Two point charges are placed on the $x$-axis: $Q_{1} = +4\ \mu\text{C}$ at $x = 0$, and $Q_{2} = -9\ \mu\text{C}$ at $x = 5\ \text{cm}$. Calculate the net electric field $\vec{E}_{\text{net}}$ at $x = 2\ \text{cm}$ (magnitude and direction).

Part (b) — Force on Test Charge (3 marks)

A test charge $q = +2\ \text{nC}$ is placed at $x = 2\ \text{cm}$. Calculate the electrostatic force $\vec{F}$ acting on it.

Part (c) — Projectile in Uniform E-field (5 marks)

An electron ($q = -e$, $m = 9.11 \times 10^{-31}\ \text{kg}$) enters horizontally at $v_{0} = 3.0 \times 10^{6}\ \text{m/s}$ into a uniform electric field $E = 5000\ \text{N/C}$ directed downward between parallel plates of length $L = 6.0\ \text{cm}$.
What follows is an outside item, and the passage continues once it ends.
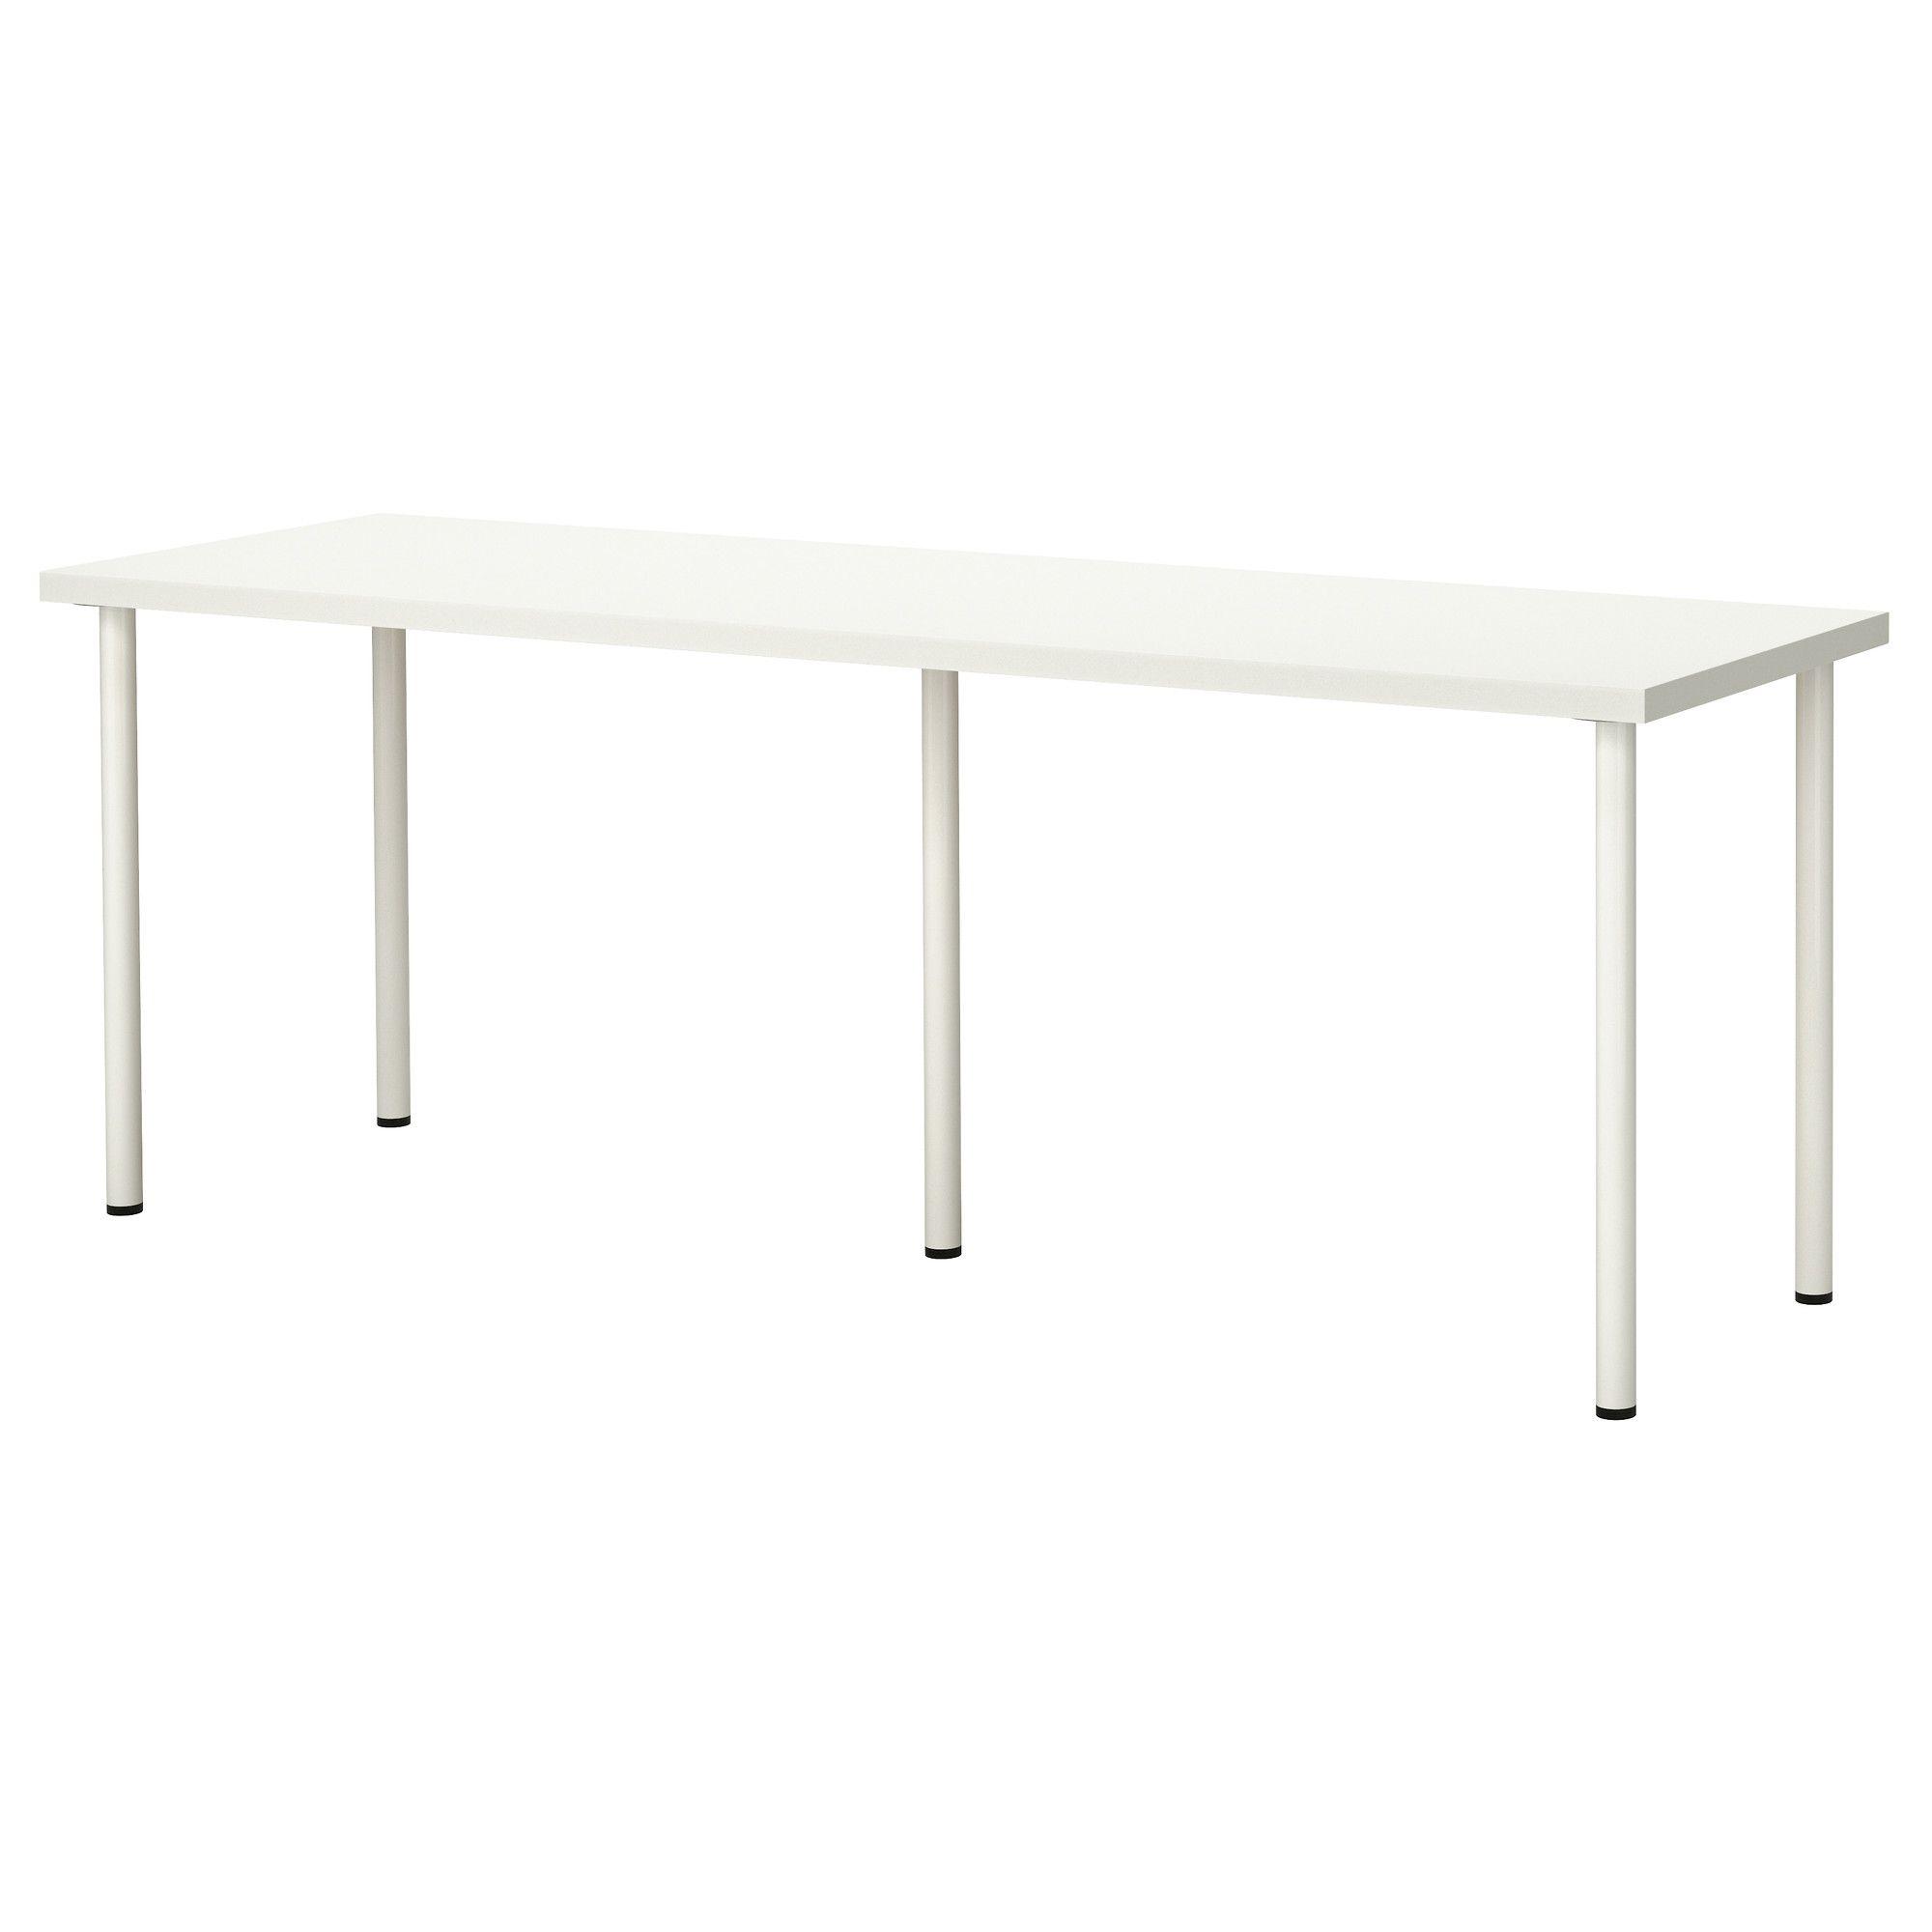 LINNMON / ADILS Table, white

(i) Find the vertical acceleration $a_{y}$ of the electron.
(ii) How long does the electron take to traverse the plates?
(iii) Determine the vertical deflection $y$ of the electron as it exits the plates.
(iv) Find the exit angle $\theta$ relative to the horizontal.

B2: Capacitor + Dielectric + DC Circuit

Part (a) — Capacitance with Dielectric (3 marks)

A parallel-plate capacitor has plates of area $A = 50\ \text{cm}^{2}$ separated by $d = 0.20\ \text{mm}$ in air. A dielectric slab with $\kappa = 3.5$ is inserted filling the gap. Calculate the capacitance $C$.

Part (b) — Energy Stored (4 marks)

The capacitor from part (a) is connected to a $24\ \text{V}$ battery.

(i) Calculate the charge $Q$ on each plate.
(ii) Calculate the energy $U$ stored in the capacitor.
(iii) While the battery remains connected, the dielectric is removed. Explain what happens to the charge and energy. Calculate the new stored energy.

Part (c) — Voltage Divider (5 marks)

A voltage divider consists of $R_{1} = 10\ \text{k}\Omega$ and $R_{2} = 15\ \text{k}\Omega$ connected across a $12\ \text{V}$ supply.

(i) Calculate the unloaded output voltage $V_{\text{out}}$ across $R_{2}$.
(ii) A load $R_{L} = 5\ \text{k}\Omega$ is connected across $R_{2}$. Find the new output voltage.
(iii) By what percentage did the output voltage drop due to the loading effect?

B3: AC Circuits — Phasor Diagrams & Power Types

Part (a) — Phasor Diagram (4 marks)

An RLC series circuit has $R = 40\ \Omega$, $X_{L} = 70\ \Omega$, $X_{C} = 30\ \Omega$, and $I_{\text{rms}} = 2.0\ \text{A}$.

(i) Calculate $V_{R}$, $V_{L}$, and $V_{C}$.
(ii) Draw the phasor diagram showing all three voltages and the resultant $V_{T}$.
(iii) Calculate the magnitude of $V_{T}$ and the phase angle $\phi$.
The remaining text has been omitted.